__YOUR ASSIGNMENT__
One exact copy of the listing, minus the images, is the required answer.

__SUPPLIED DATA__

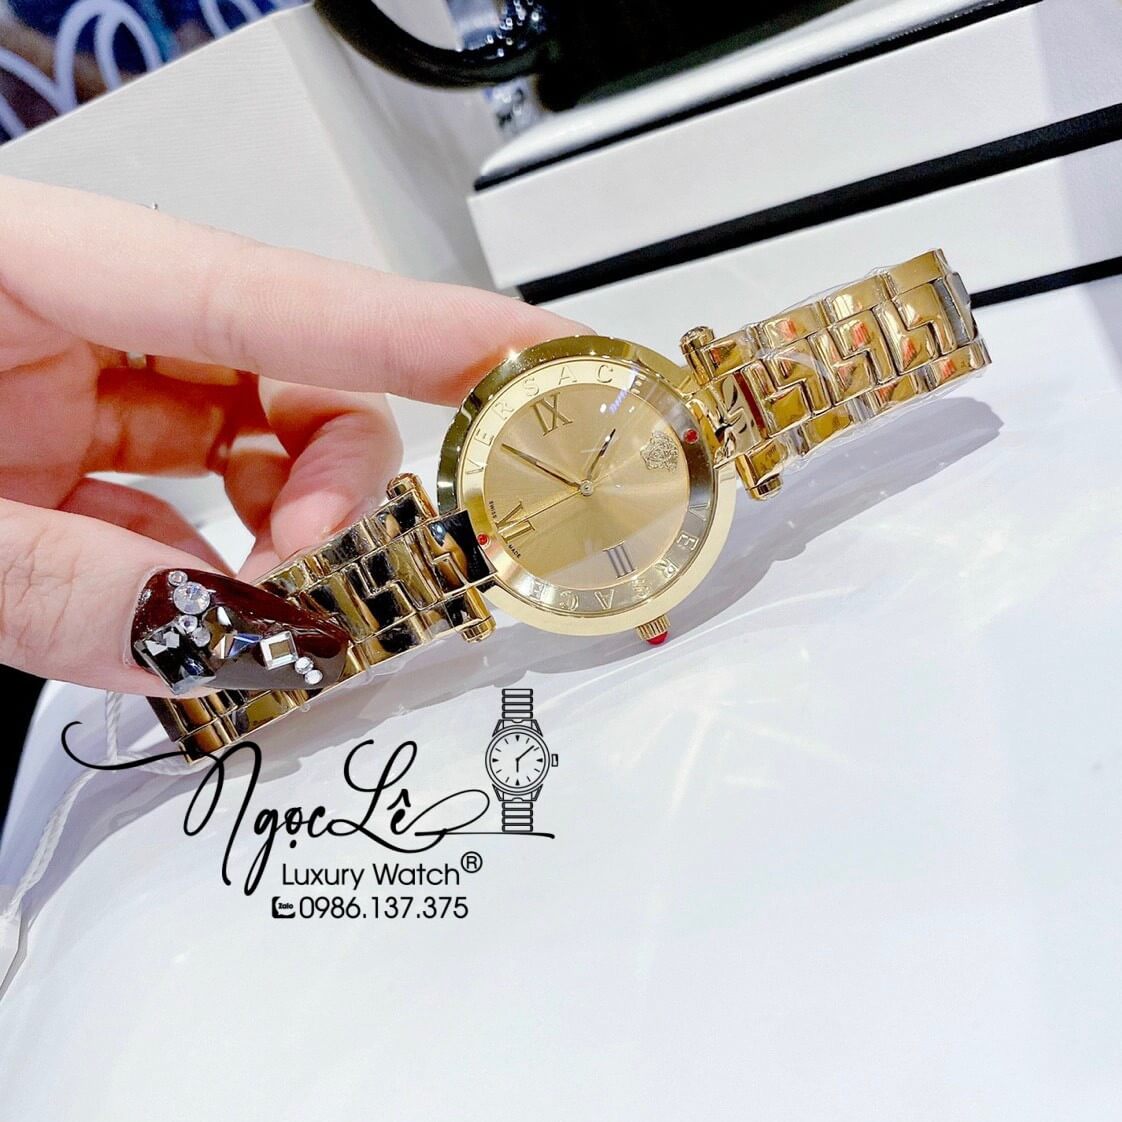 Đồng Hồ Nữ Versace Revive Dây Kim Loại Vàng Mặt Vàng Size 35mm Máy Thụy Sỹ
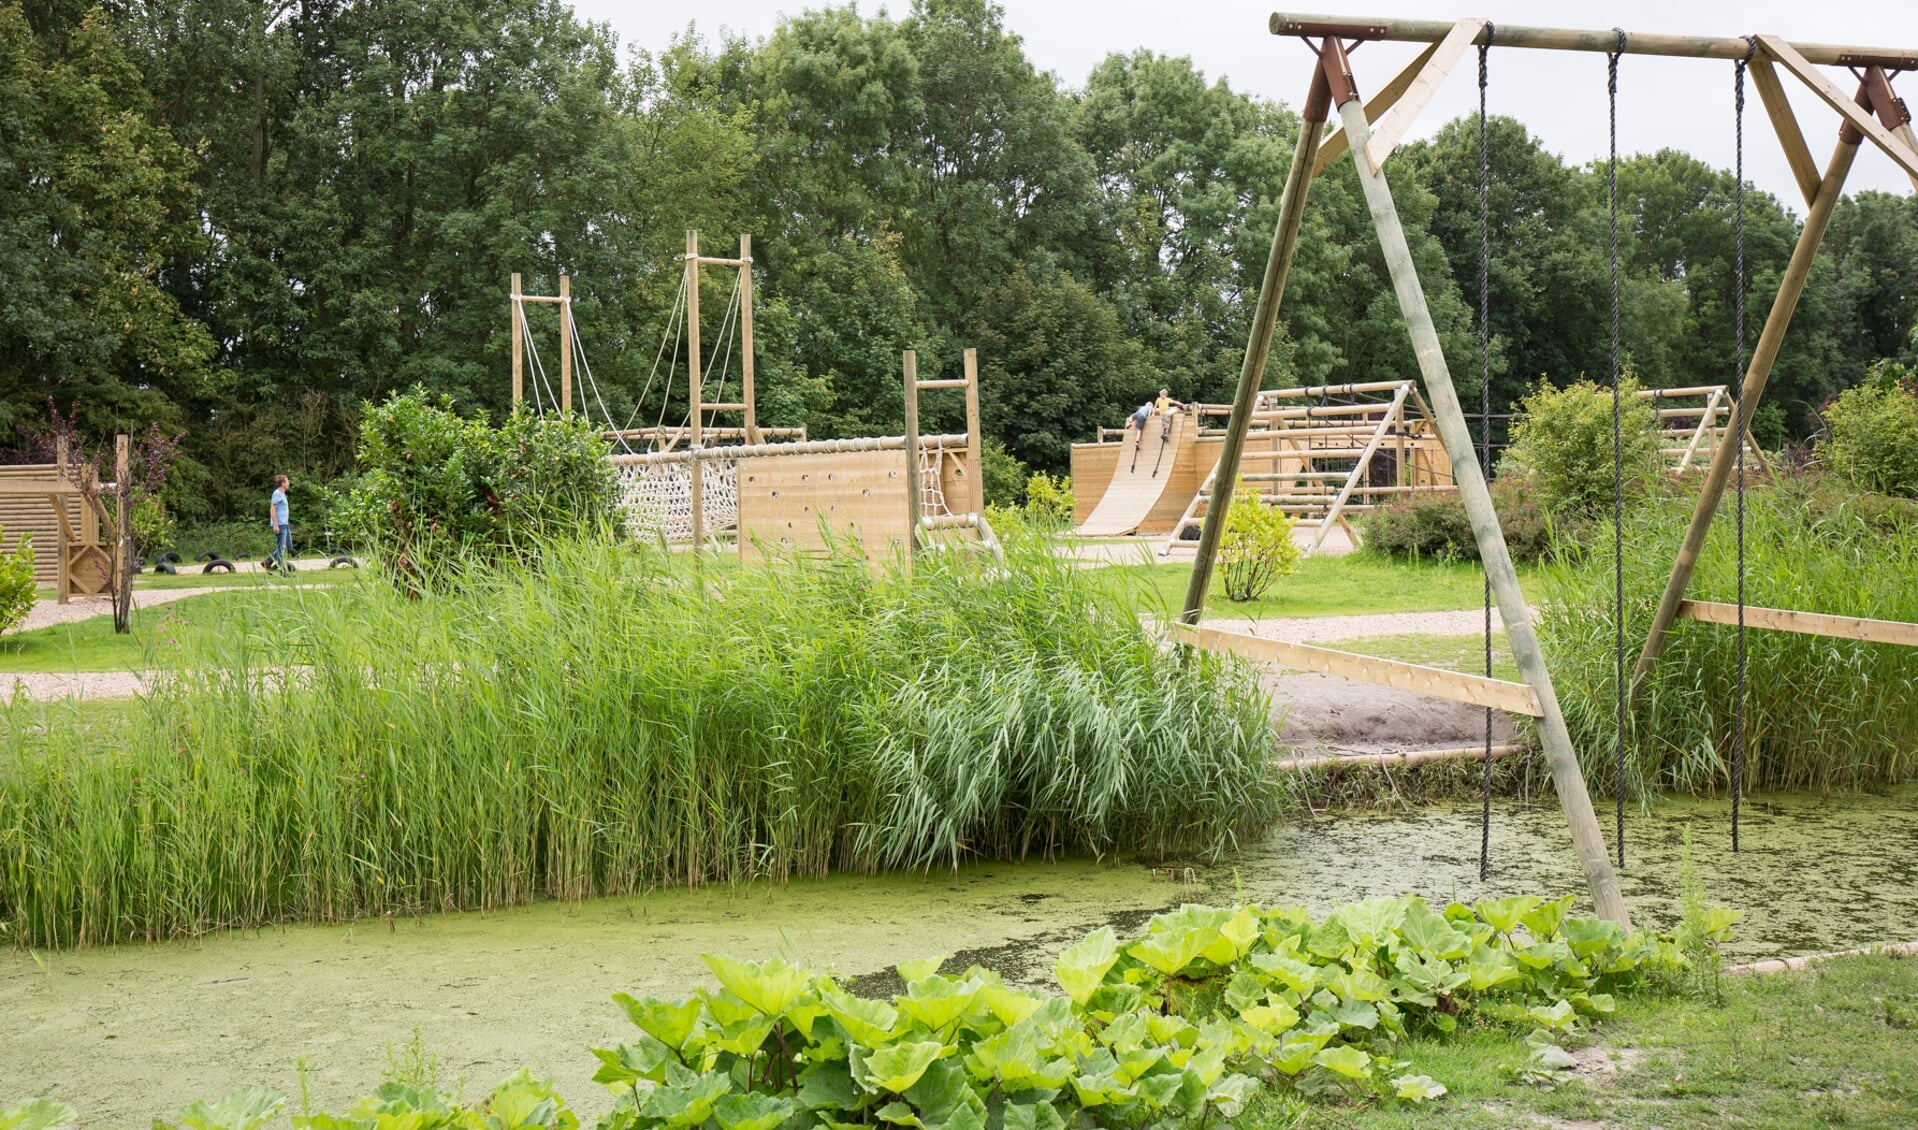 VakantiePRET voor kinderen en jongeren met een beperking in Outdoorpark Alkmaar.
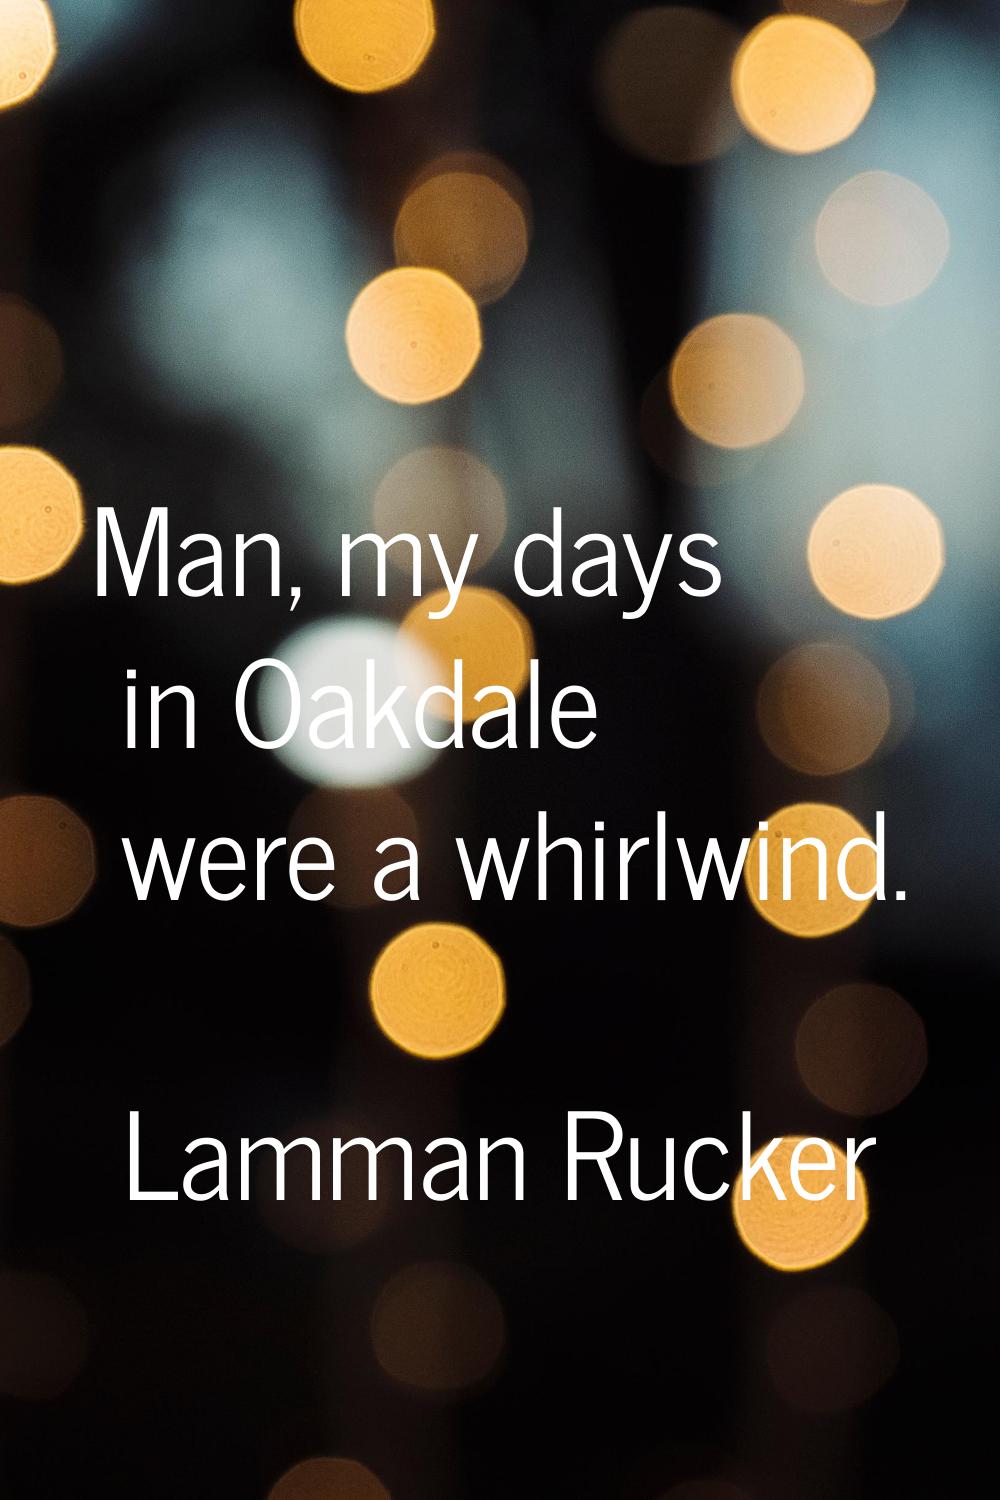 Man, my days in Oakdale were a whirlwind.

__EXERCISE RESPONSE__
 Đồng Hồ Nữ Versace Revive Dây Kim Loại Vàng Mặt Vàng Size 35mm Máy Thụy Sỹ
 VakantiePRET voor kinderen en jongeren met een beperking in Outdoorpark Alkmaar.
 Man, my days in Oakdale were a whirlwind.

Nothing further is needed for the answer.